If you thought it was all over you were sadly mistaken. The worst was yet to come because of the dreaded phone call home. The kicking was usually provoked so you could talk your way out of that one with minimal damage. The grabbing of the teachers tit, however, was totally on my own, you see I had a crush on this particular teacher and I used to dream about her being my first fuck, so there was no talking my way out of it. I was grounded for a month, no T. V. for two weeks, no allowance for two months, and no time-off for good behavior. I might as well have gotten the death penalty. Oh, did I mention the ass-whipping that my Dad bestowed upon me?

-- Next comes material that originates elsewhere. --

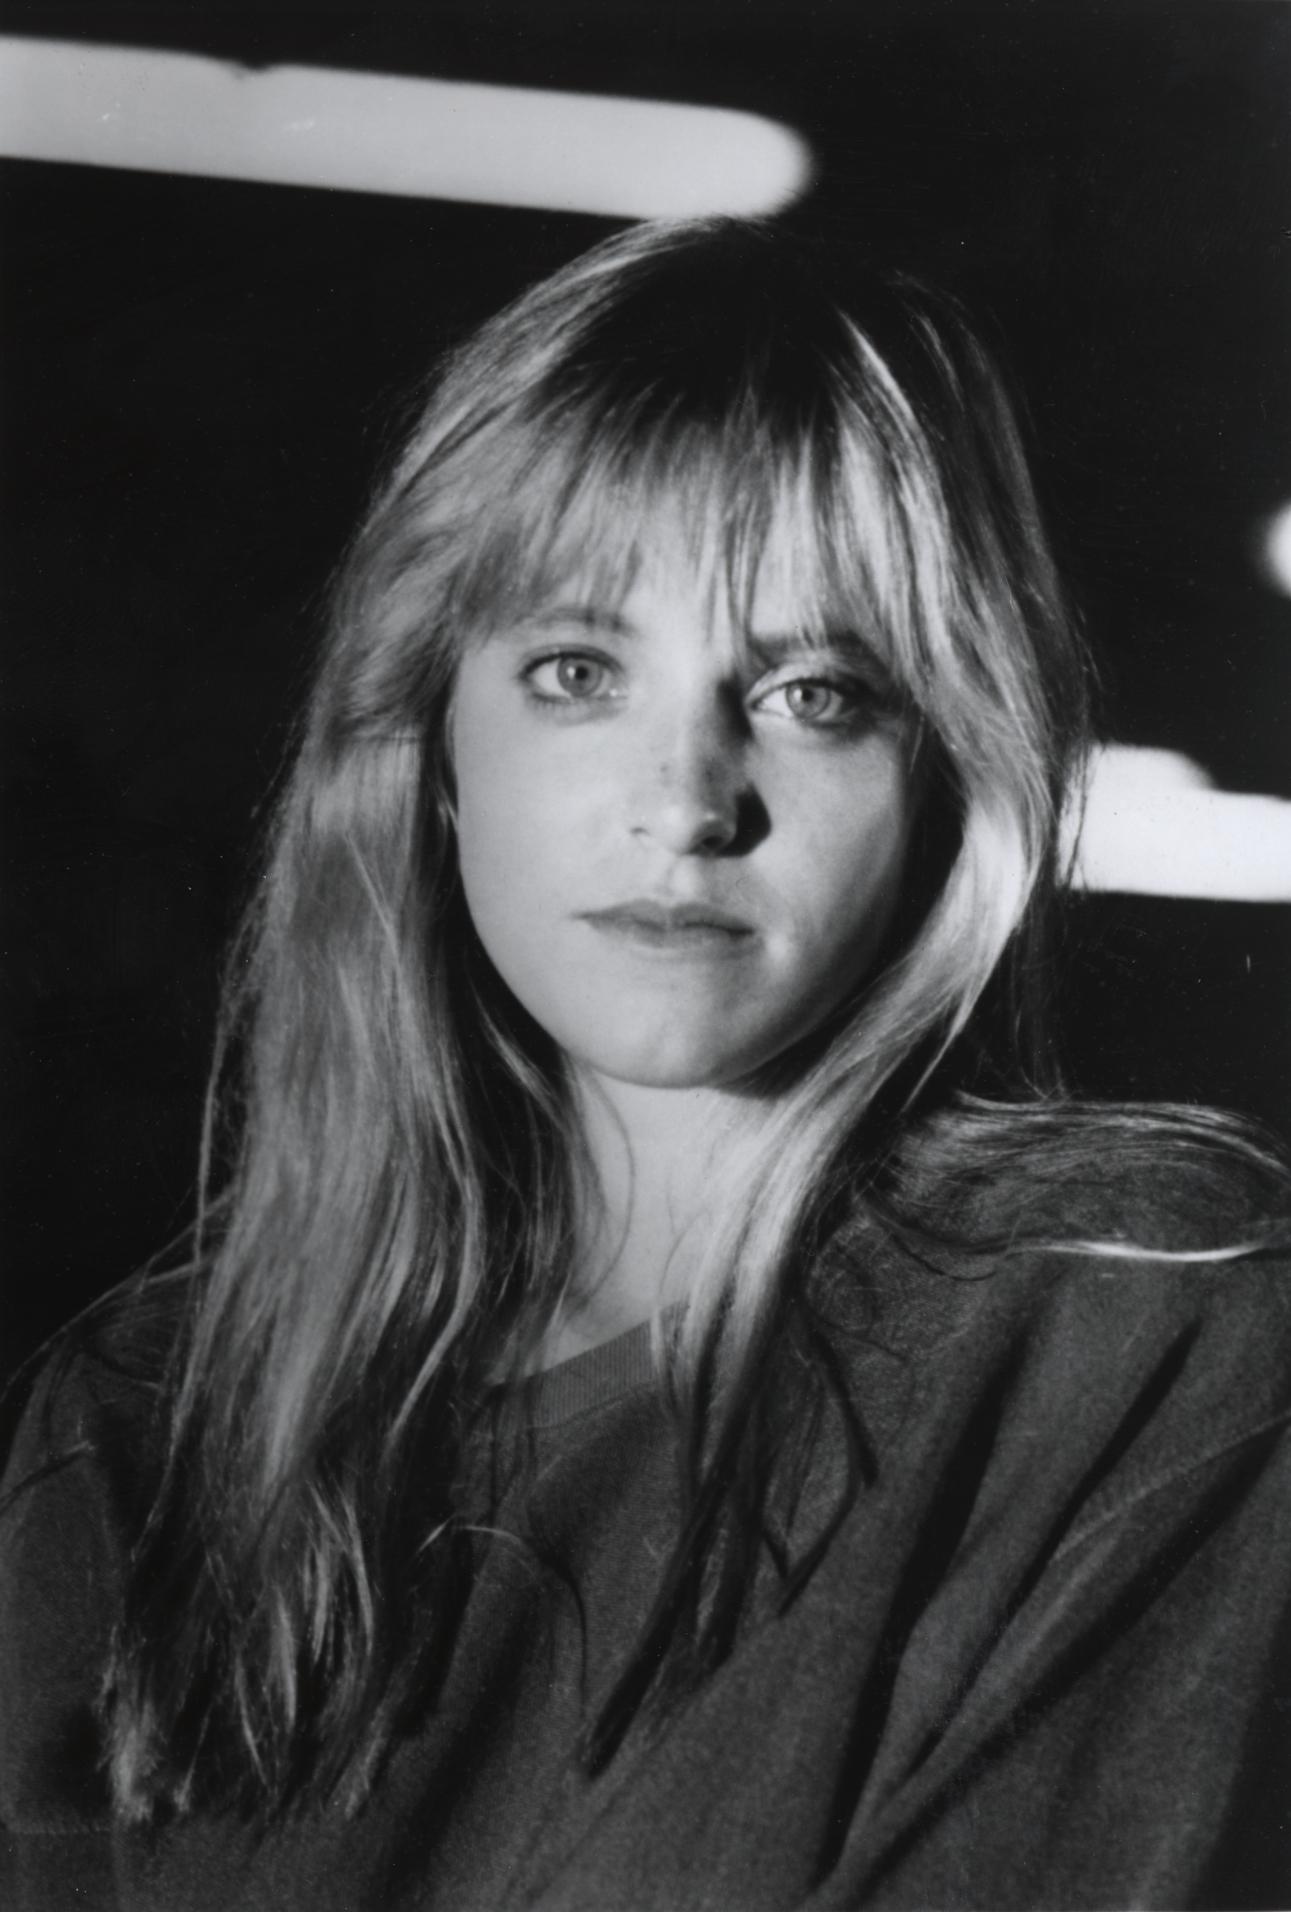 Danielle von Zerneck

Today, for grabbing a teachers hooters, you would get an immediate suspension pending an expulsion hearing. You will be required to go to a counselor to straighten out your twisted-up, sicko mind, and you will be branded a sex offender for the rest of your life. What are we trying to teach our kids? That violence is bad but sex is the end-all. Something as natural (although I do like un-natural sex) and pleasurable as sex is. If God wanted us to have sex only to procreate, He would not have made it feel sooooooooo fucking good. He would have made it as painful as childbirth. Something I have eye-witnessed twice and although I never felt the pain I can assure you I would never, ever voluntarily submit to that obvious mortifying agony. Nooooooo, God, in His infinite wisdom, made the outcome of sex the most pleasurable feeling you can even imagine. It is the nearest thing to perfection I can think of. The orgasm!!! Why, oh, why would God finally make something perfect and then tell us that the only time you can achieve this feeling of euphoria is when you want to have children?